Last Updated: 21st July 2020
There’s no doubt that some cats will be breathing a sigh of relief as their human family start to leave the home more – those who like peace, quiet and time to themselves may have found the last few months rather stressful. However, there are some cats who have undoubtedly loved having their owners at their beck and call all day and having a warm lap to snuggle into whenever they choose. These cats may be at risk of separation issues developing as restrictions are lifted and caregivers increasingly spending time away from the home. The Vetoquinol team have partnered with clinical animal behaviourist Rosie Bescoby who shares her top tips on coping with this new situation.
Author: Rosie Bescoby, Clinical Animal Behaviourist
Rosie Bescoby owns and runs Pet Sense which provides behavioural consultations for cats in and around Bristol and North Somerset. She is a full member of the Association of Pet Behaviour Counsellors (APBC), an Animal Behaviour & Training Council (ABTC) registered Clinical Animal Behaviourist, and is a frequent contributor to articles for newspapers, magazines and scientific journals.
Providing cats with opportunities to gain reinforcement from the environment, rather than all the good stuff coming from you, can help encourage independent behaviour. For example, if you normally feed your cats at set times of the day, consider providing activity feeders that provide both physical and mental stimulation to get the cat to work for their food (as they would naturally have to hunt for their food) or place food around the house or garden for your cats to search for (as they are also natural scavengers).
Feeding smaller meals more frequently fulfils their natural eating habits and helps reduce the salience of meal times. A timed feeder removes the association with you providing the food as well – provided there is no medical reason why your cat cannot be fed at different times of the day
Whilst interactive play sessions are hugely important for all cats, we can also encourage some independent play by providing items for the cat to hunt and chase too. Having a variety of textured toys that have different sounds (squeaks, bells, rustles etc) and even smells (e.g. catnip) and rotating these on a regular basis, placing them for your cat to find (maybe hidey holes where mice might choose to hide) or hanging from string can enrich your cat’s home environment. There are also cat specific games that can be purchased, which encourage cats to play independently too.
Another tip is to look at your home from a feline perspective– are there plenty of high up perches for your cat to climb onto? Are there hiding places for them to snooze in? Are there warm, comfy areas that are off the ground (that fulfil all the criteria of your lap)?!

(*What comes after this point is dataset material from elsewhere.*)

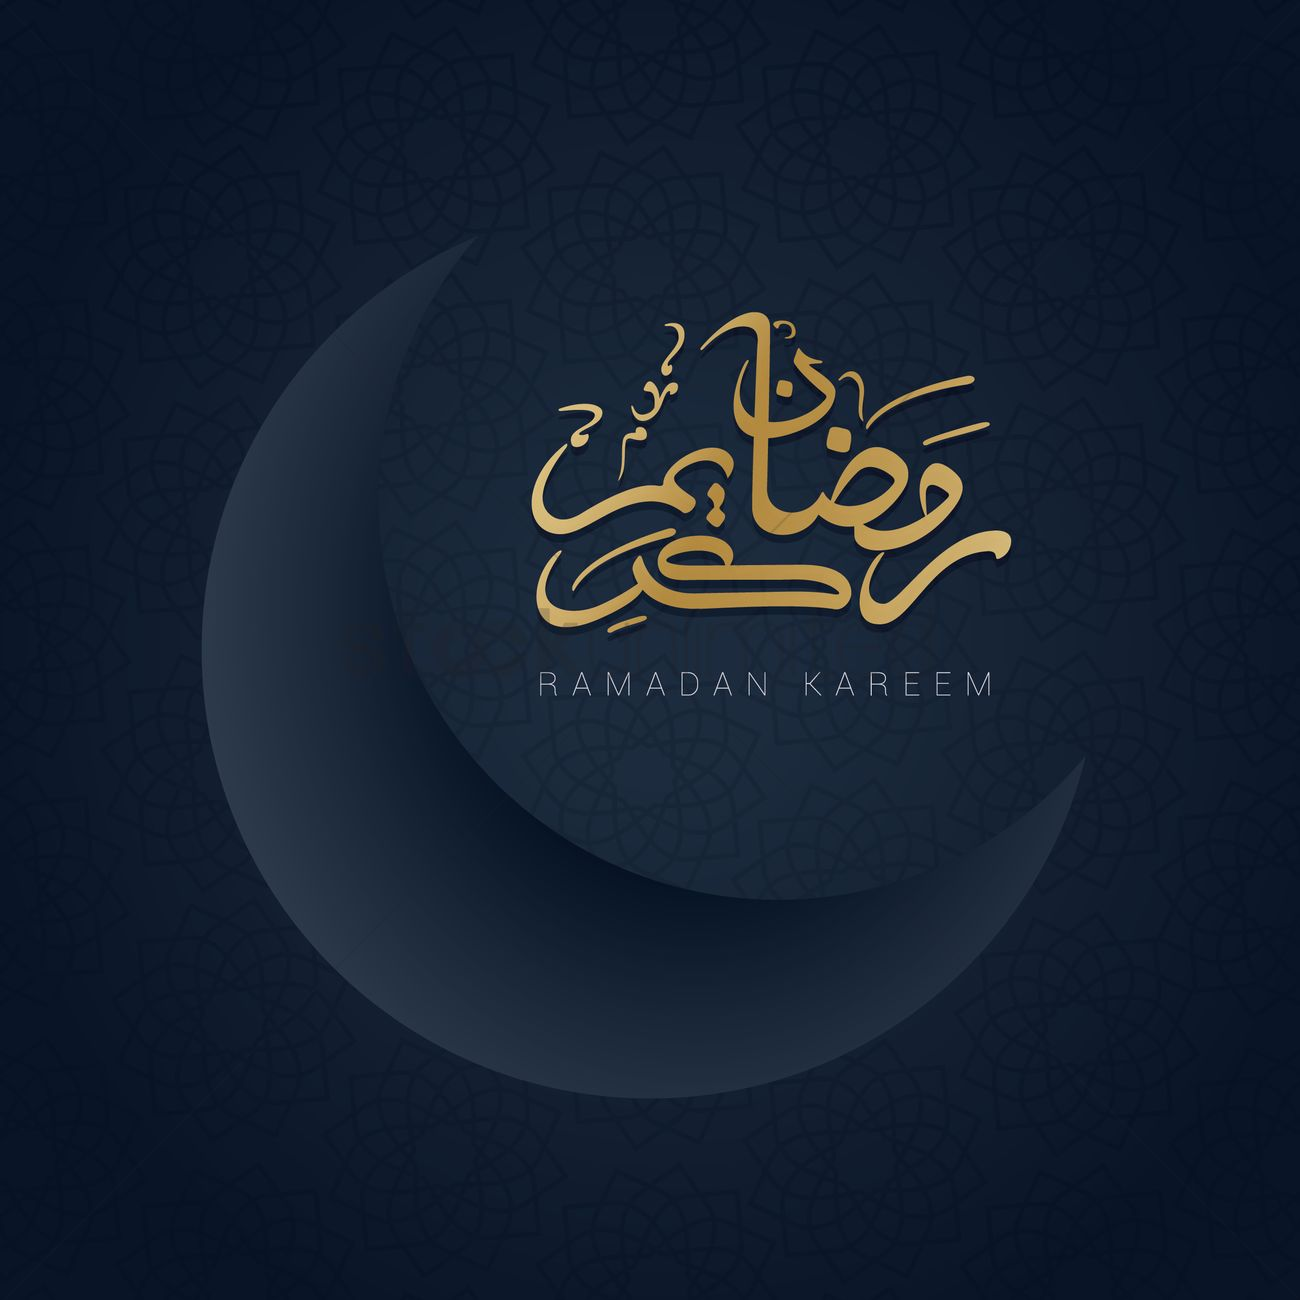 Ramadan Kareem Greeting In Jawi Vector Image 1826879 Stockunlimited
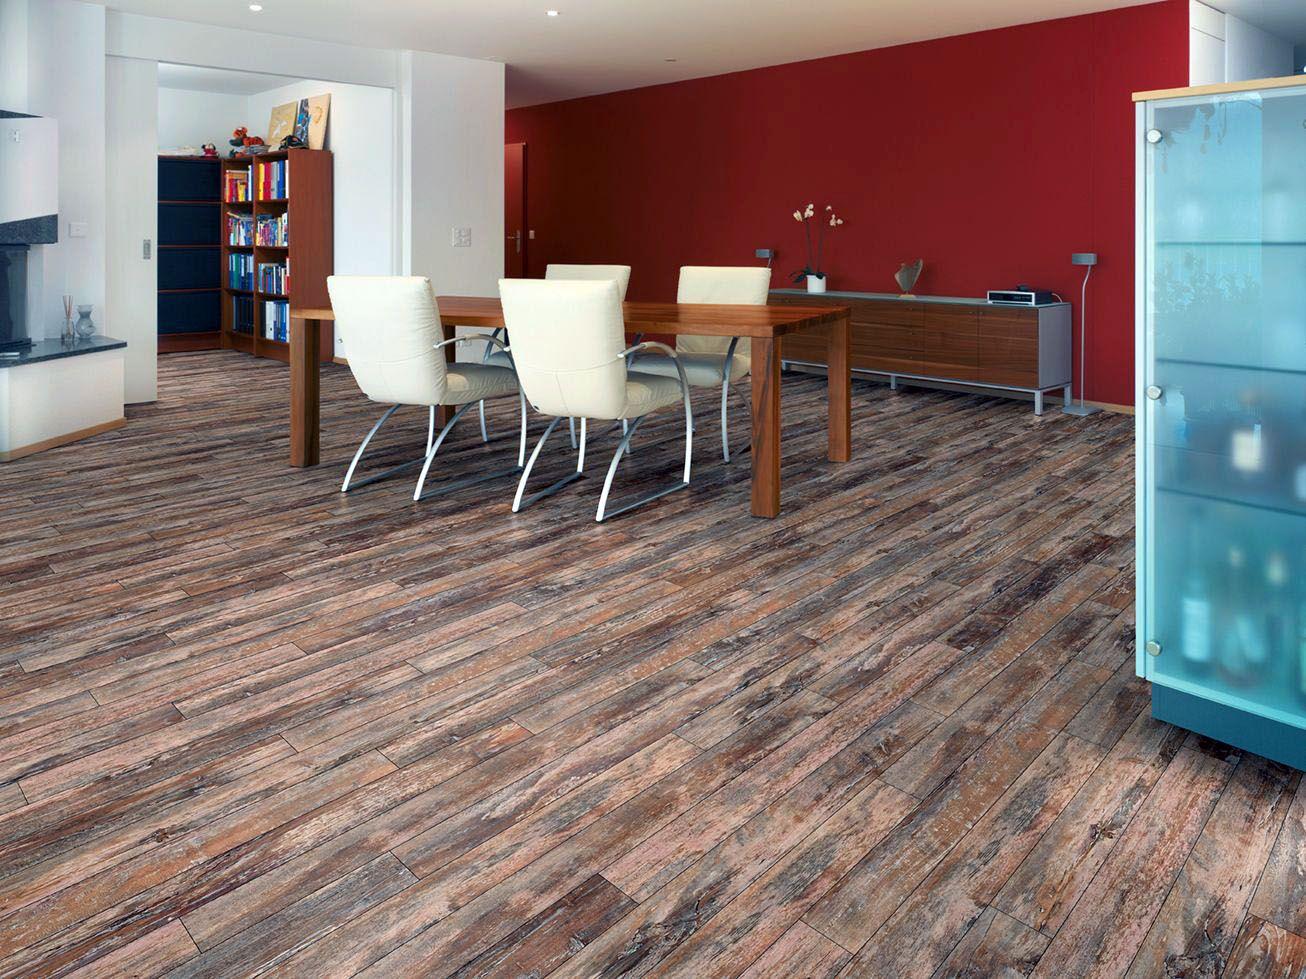 Leading Restroom Floor Covering Options Laminate Flooring Colors Floor Colors Best Laminate

Providing access to shelves, tops of furniture, as well as any empty cardboard boxes from your deliveries (we know you get at least 1 a day!) can really help your cat feel more secure without involving you. This is particularly important in multi-cat households, homes with dogs, or for any cat who exhibits signs of fearfulness – because your presence might be the only time they currently feel safe.
To start with, you might create a high, comfy resting area or an empty box next to where you work and encourage your cat to settle there. Combine with placing food in this area for your cat to search for so they associate that location with something pleasant, and you should find your cat starts to make the choice to settle more independently away from you and copes better when you leave them at home alone.